• **DATASET EXTRACT**:
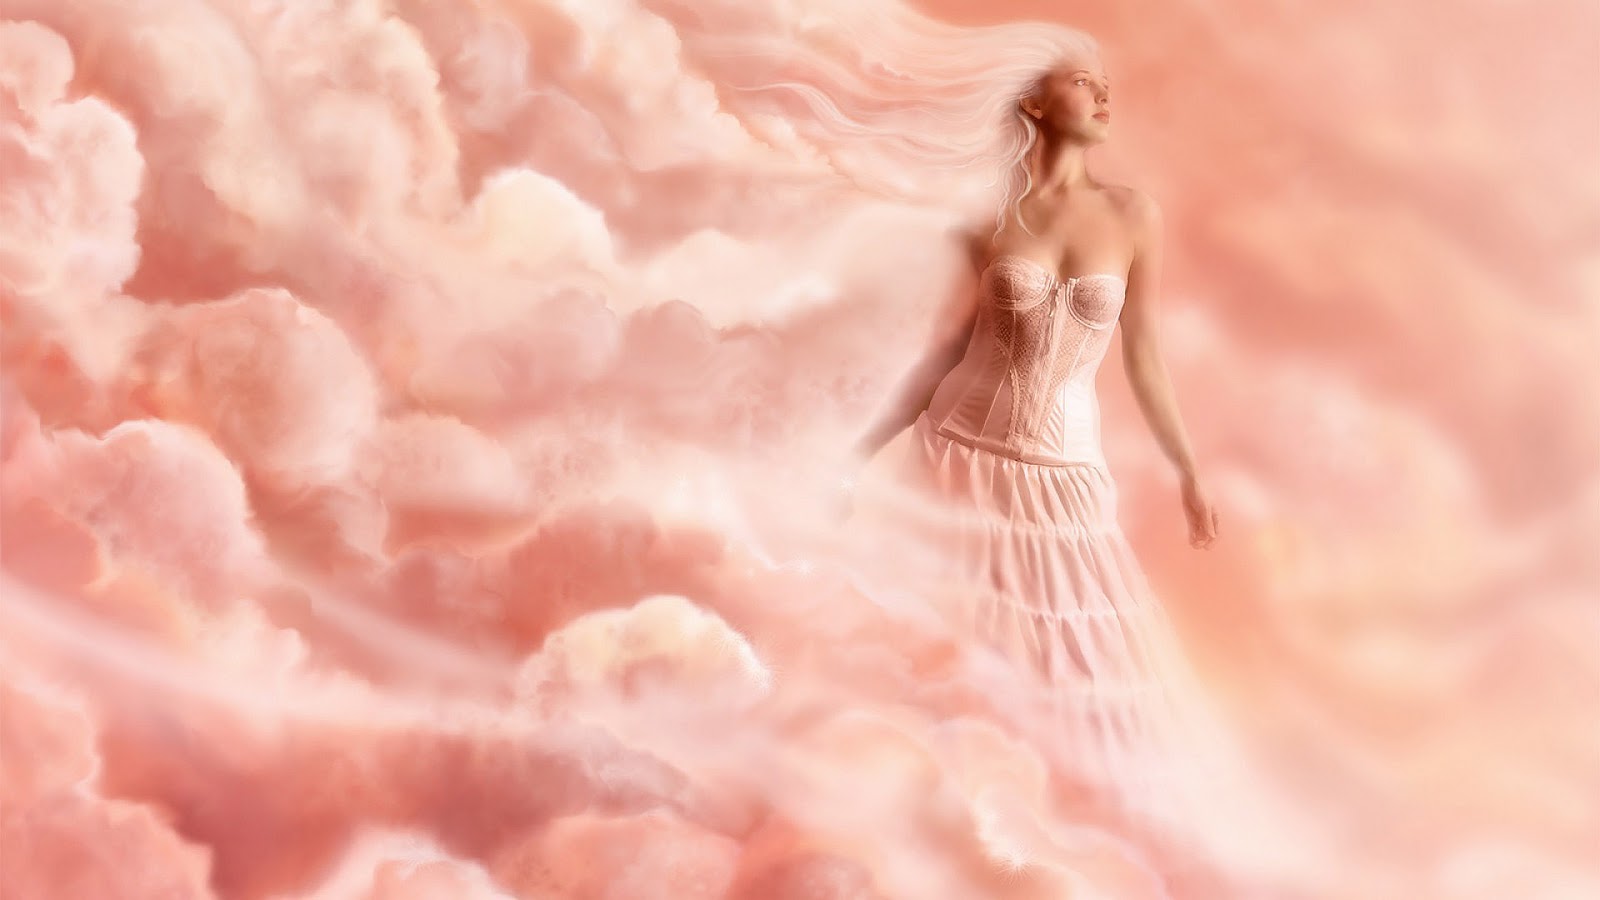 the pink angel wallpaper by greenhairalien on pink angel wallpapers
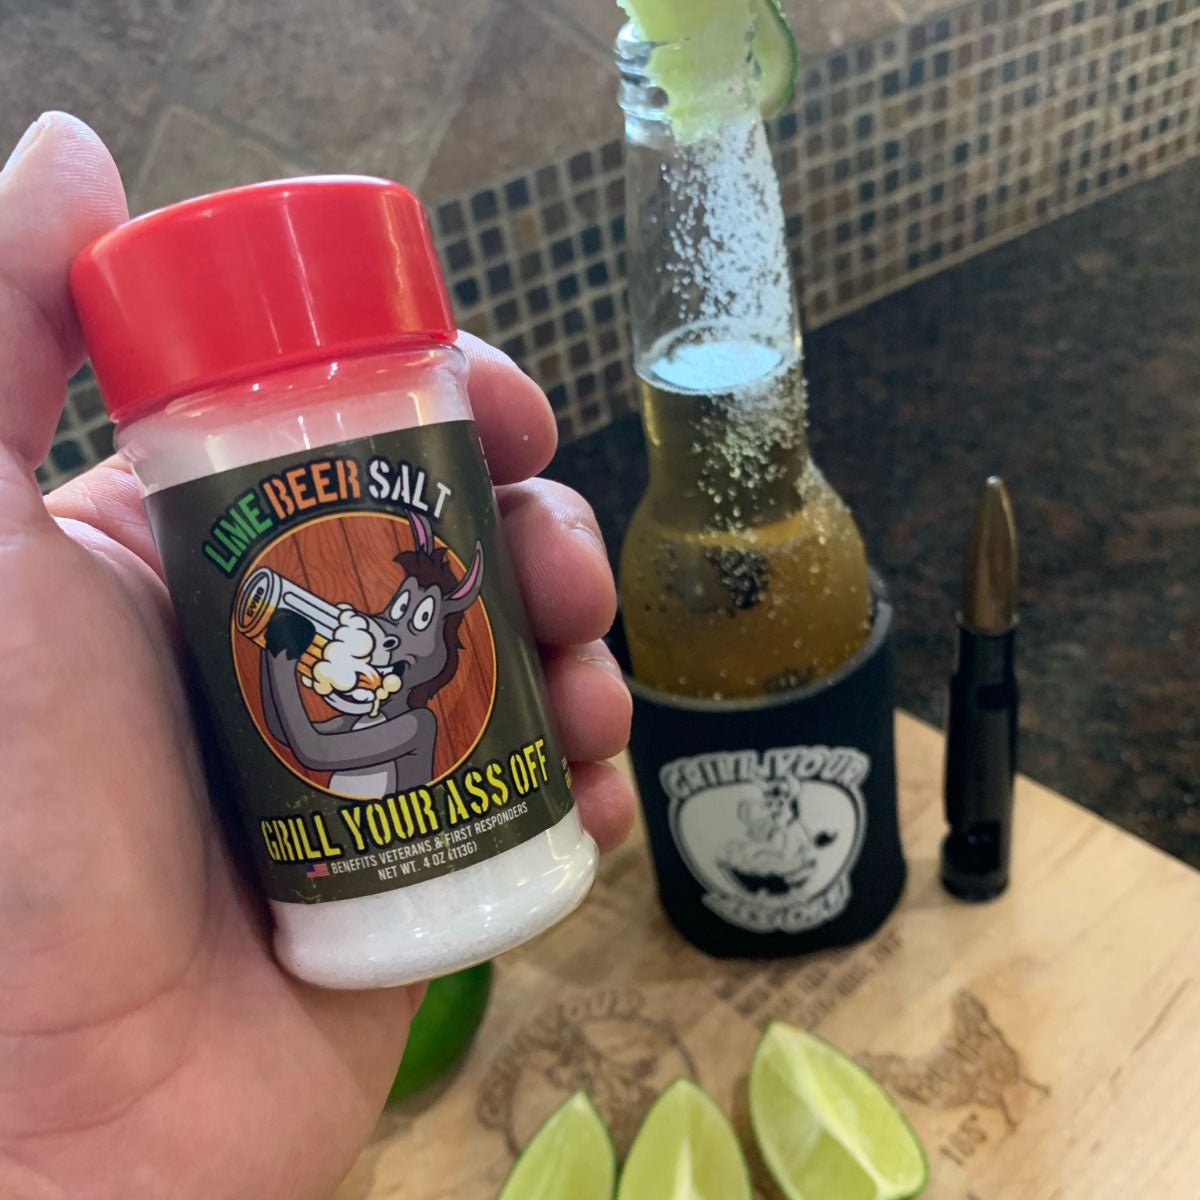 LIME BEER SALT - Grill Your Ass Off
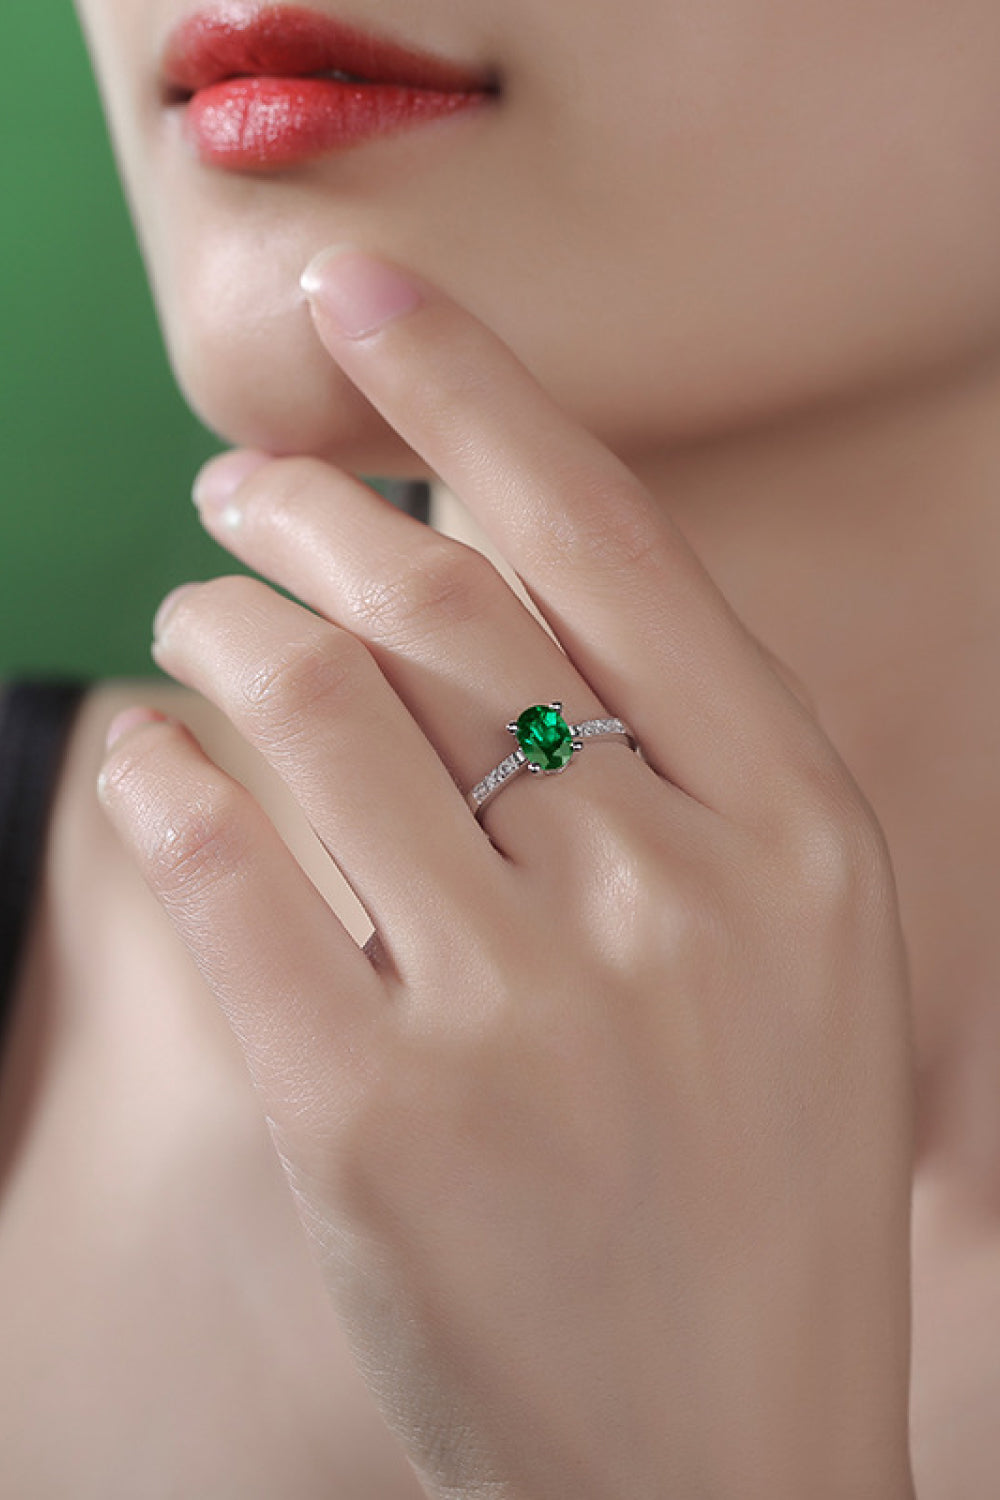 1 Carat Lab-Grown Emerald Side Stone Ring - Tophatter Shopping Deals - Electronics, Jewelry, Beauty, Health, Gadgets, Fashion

* * *

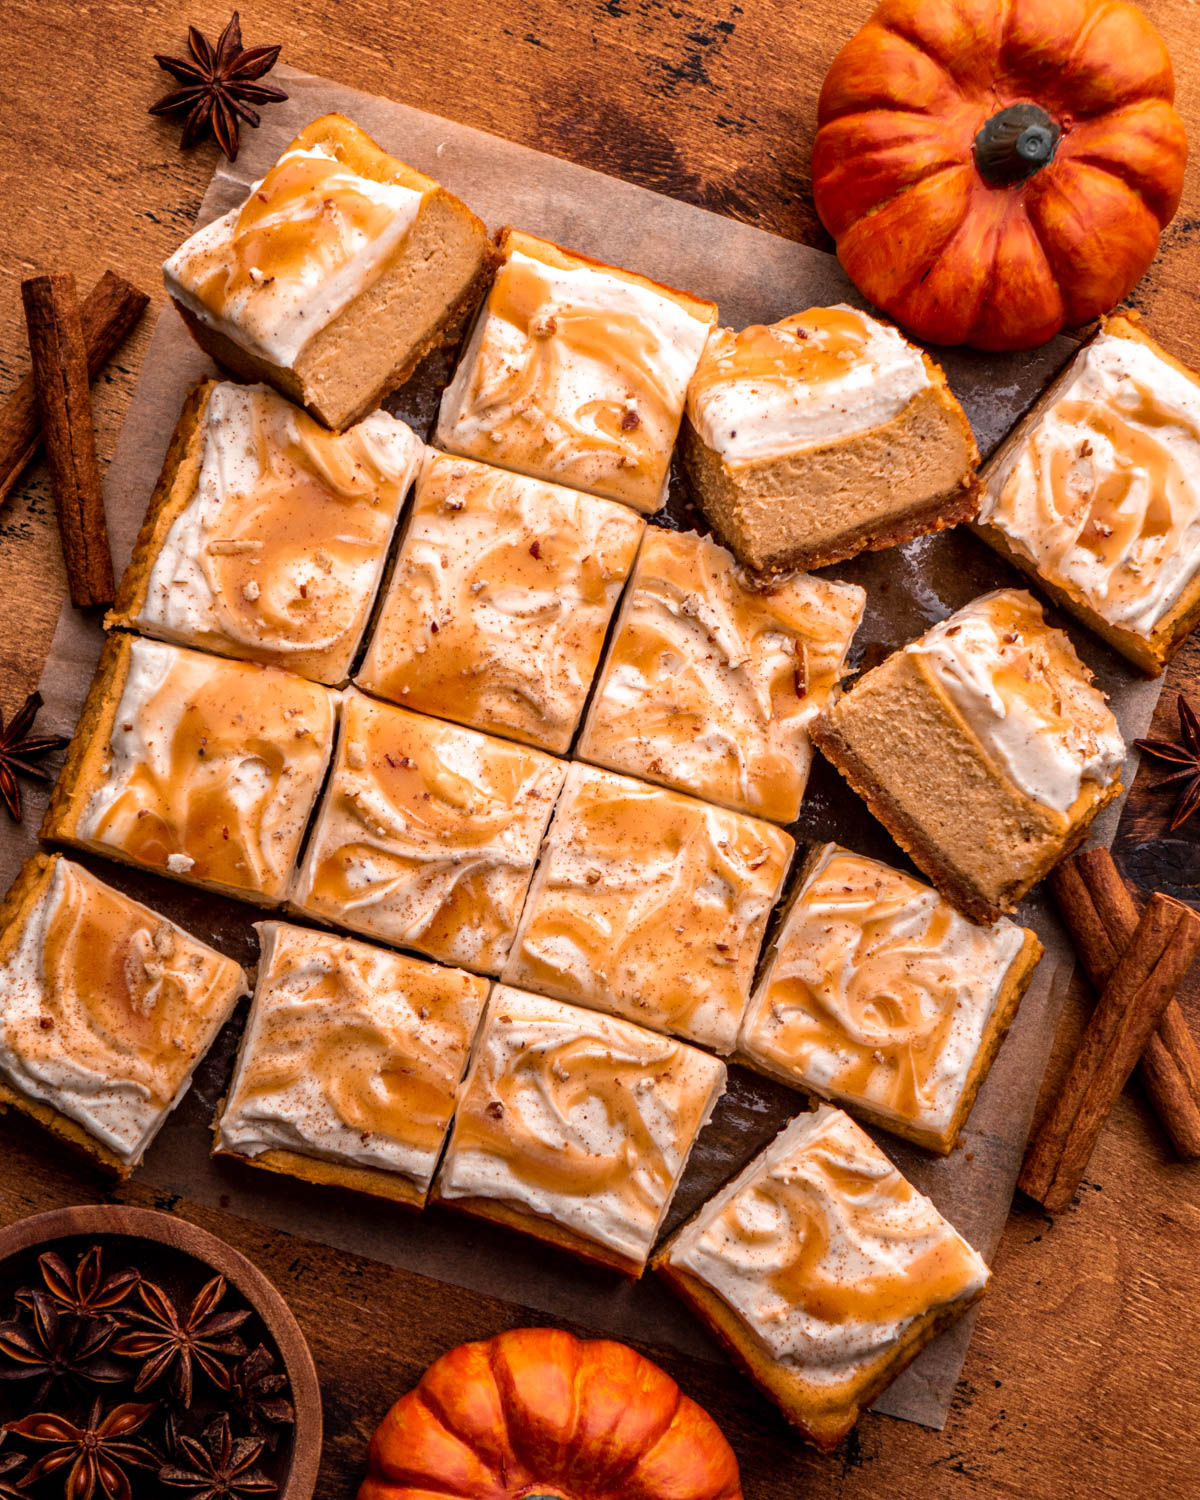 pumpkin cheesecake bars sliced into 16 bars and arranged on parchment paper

• **ACTIVITY**: The result should be an exact copy of only the lines above from the one that holds "the pink angel" through the one that holds "1 Carat Lab-Grown", both ends included, without pictures.

• **ANSWER**:
 the pink angel wallpaper by greenhairalien on pink angel wallpapers
 LIME BEER SALT - Grill Your Ass Off
 1 Carat Lab-Grown Emerald Side Stone Ring - Tophatter Shopping Deals - Electronics, Jewelry, Beauty, Health, Gadgets, Fashion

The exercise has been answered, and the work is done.